Но что сделалось со Степаном? Почему он то и дело взглядывал на рисунок? Нет, он не своим художеством любовался, но некоей живой Анюсей, которую он как бы видел сквозь этот быстрый тонкий рисунок.
И еще этот рисунок что-то напоминал ему. Или кого-то — он не мог вспомнить. Но было такое ощущение, что-то подобное он видел уже. Где? Нет, у него не хватало сил перебирать прошлое, — живое лицо Анюси было так близко и так прекрасно.

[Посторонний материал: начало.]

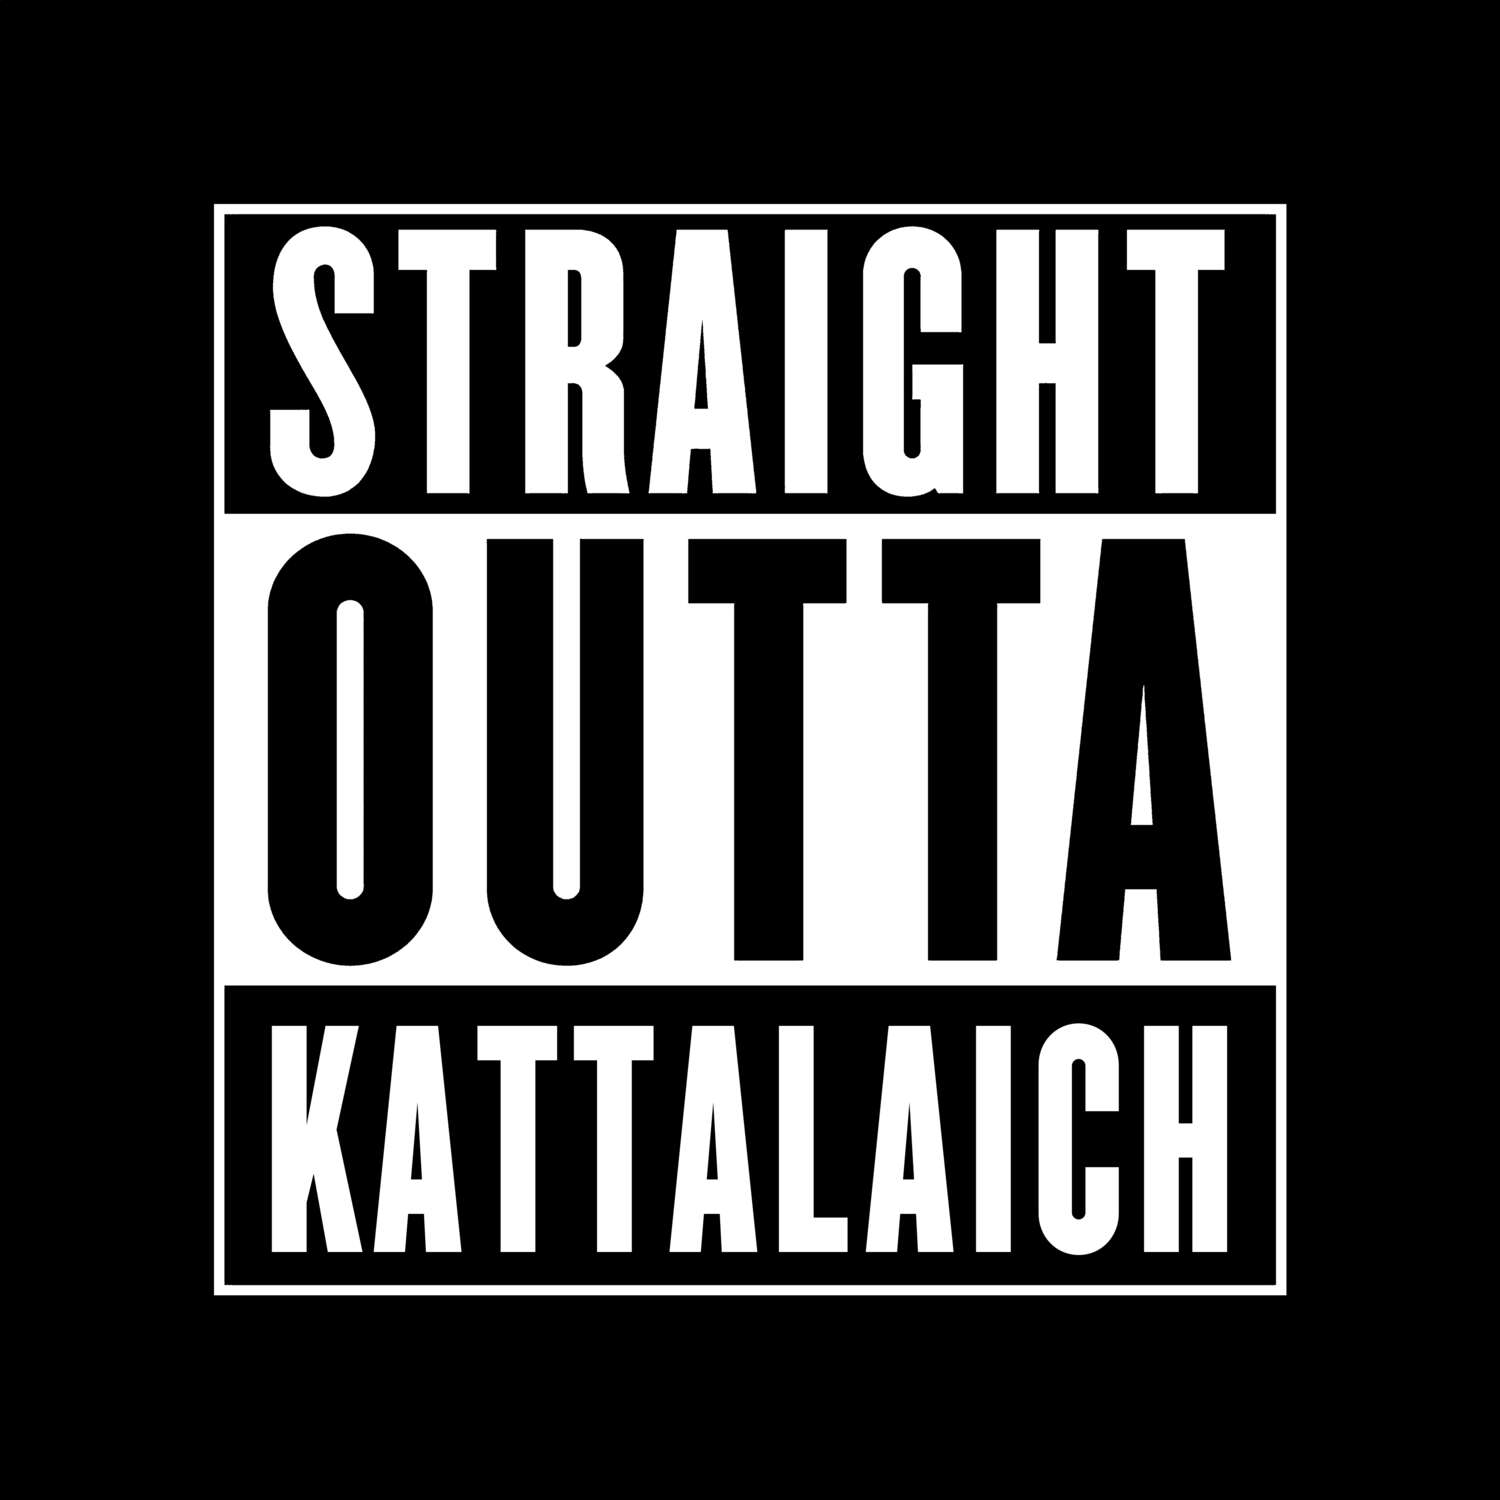 Kattalaich T-Shirt »Straight Outta«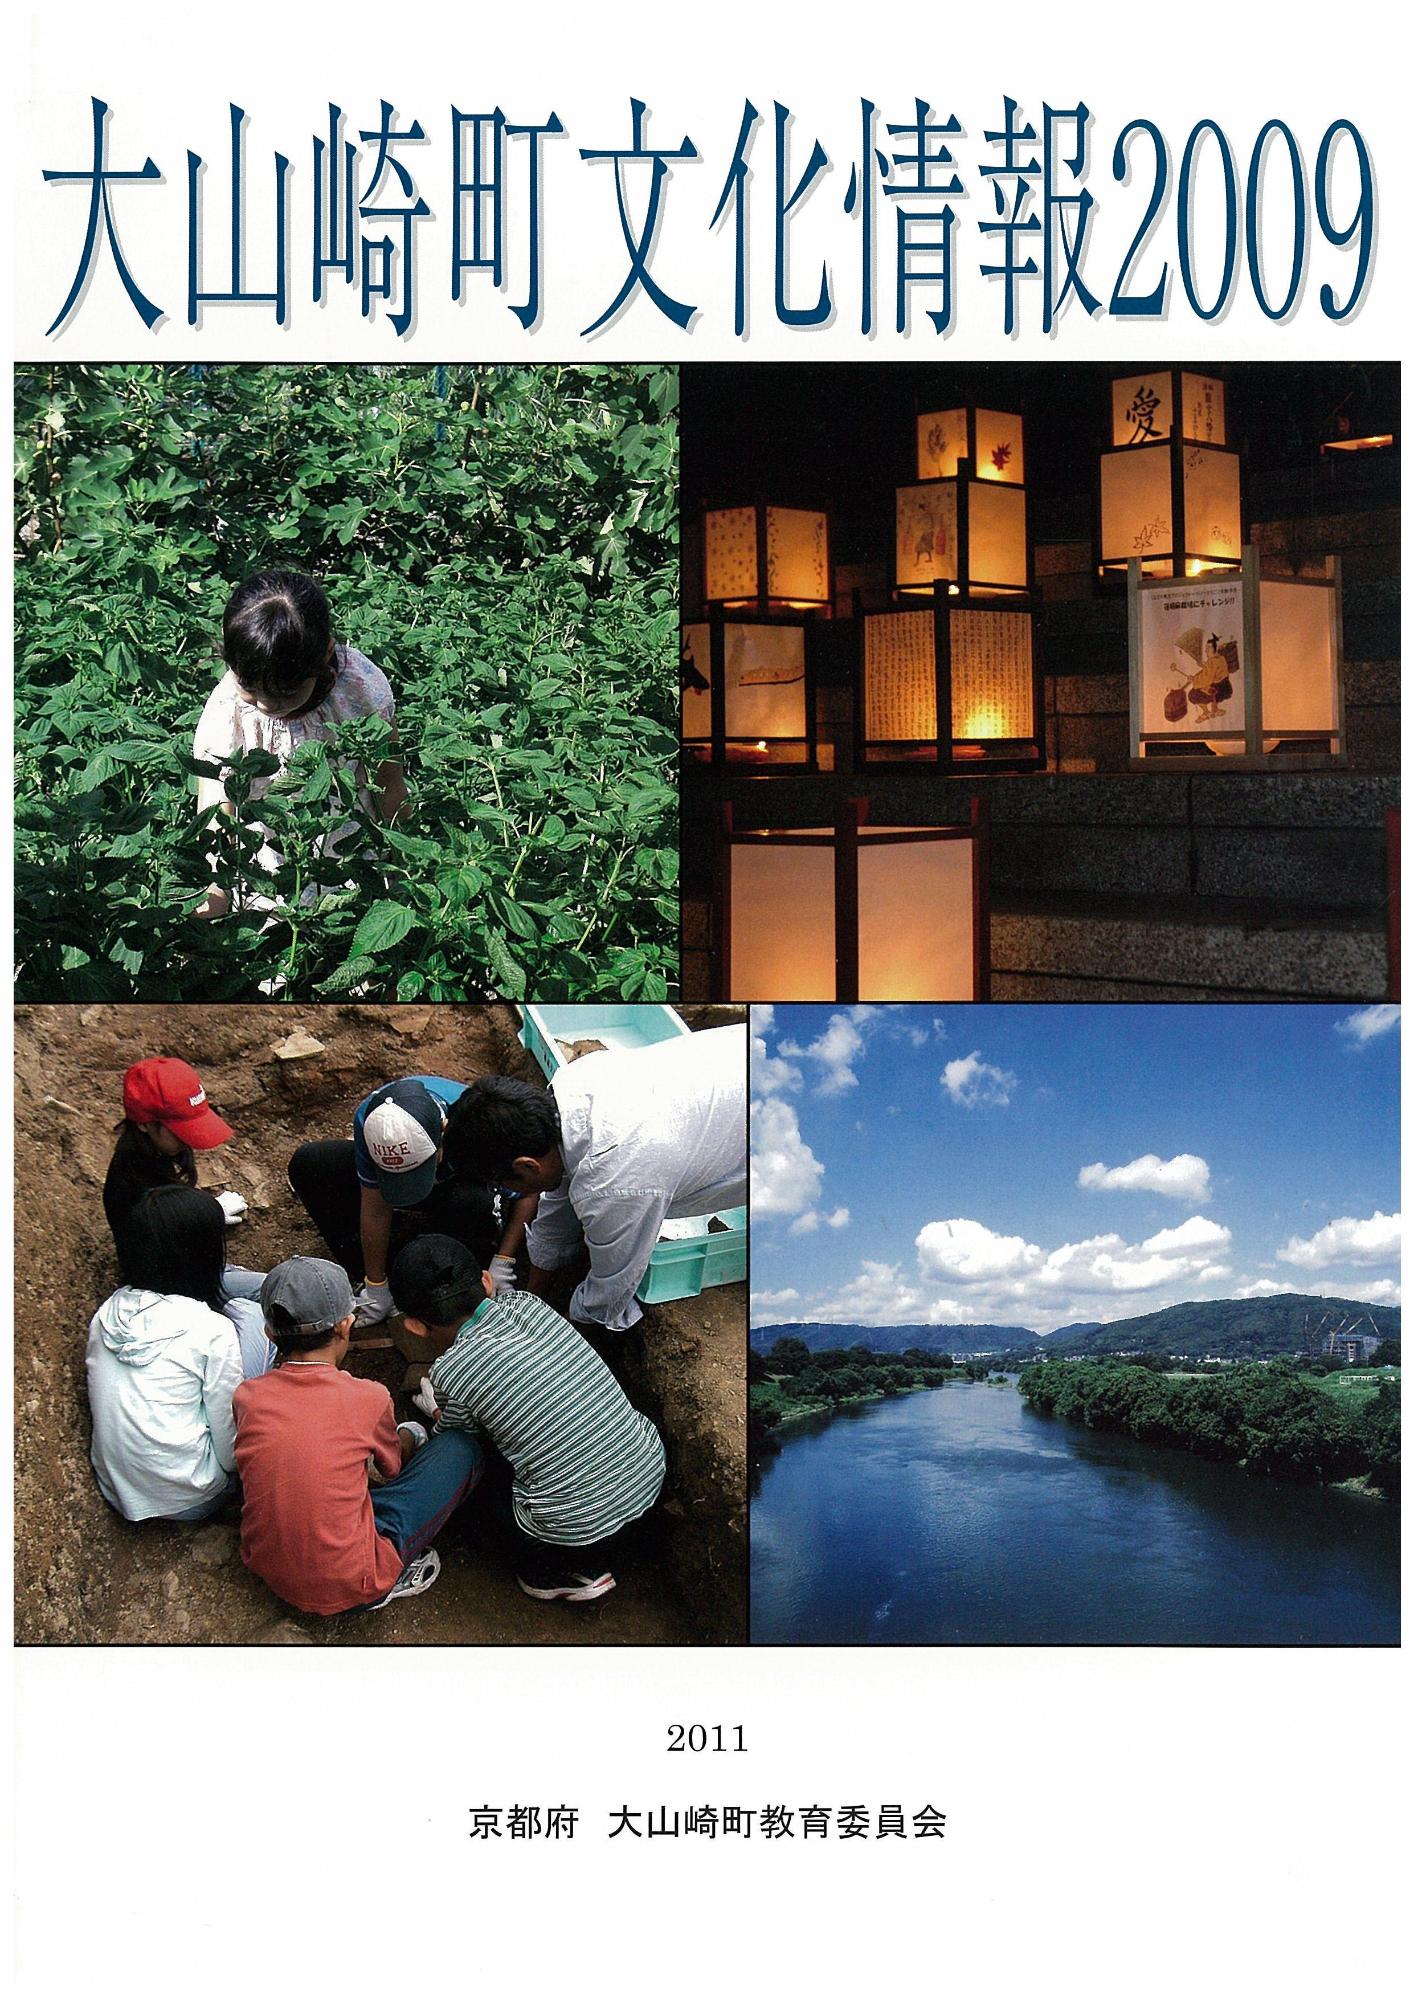 「大山崎町文化情報2009」(文化情報満載です！)

«Как? Почему я не видел ее раньше? — думал Степан, уже лежа в постели и уставясь в темный потолок лихорадочными блестящими глазами. — Она ходит сюда каждый день, сидит здесь, я могу увидеть ее в любую минуту — и я не видел!..»
Ему вспомнилась та Анюся, прежняя — девчонка с косичками, в коротком платьишке, совсем ребенок рядом с Варварой Сергеевной, и вот вроде бы точно такая же она и сегодня сидела у окошка, точно такая же девочка!
И вдруг он вспомнил веранду Колонина и тот рисунок, который так поразил, — лицо Елены Николаевны. Вспомнил, и волна сладкого восторга поднялась в нем и понесла сквозь лучистую синеву морозной ночи навстречу новоявленной Анюсе.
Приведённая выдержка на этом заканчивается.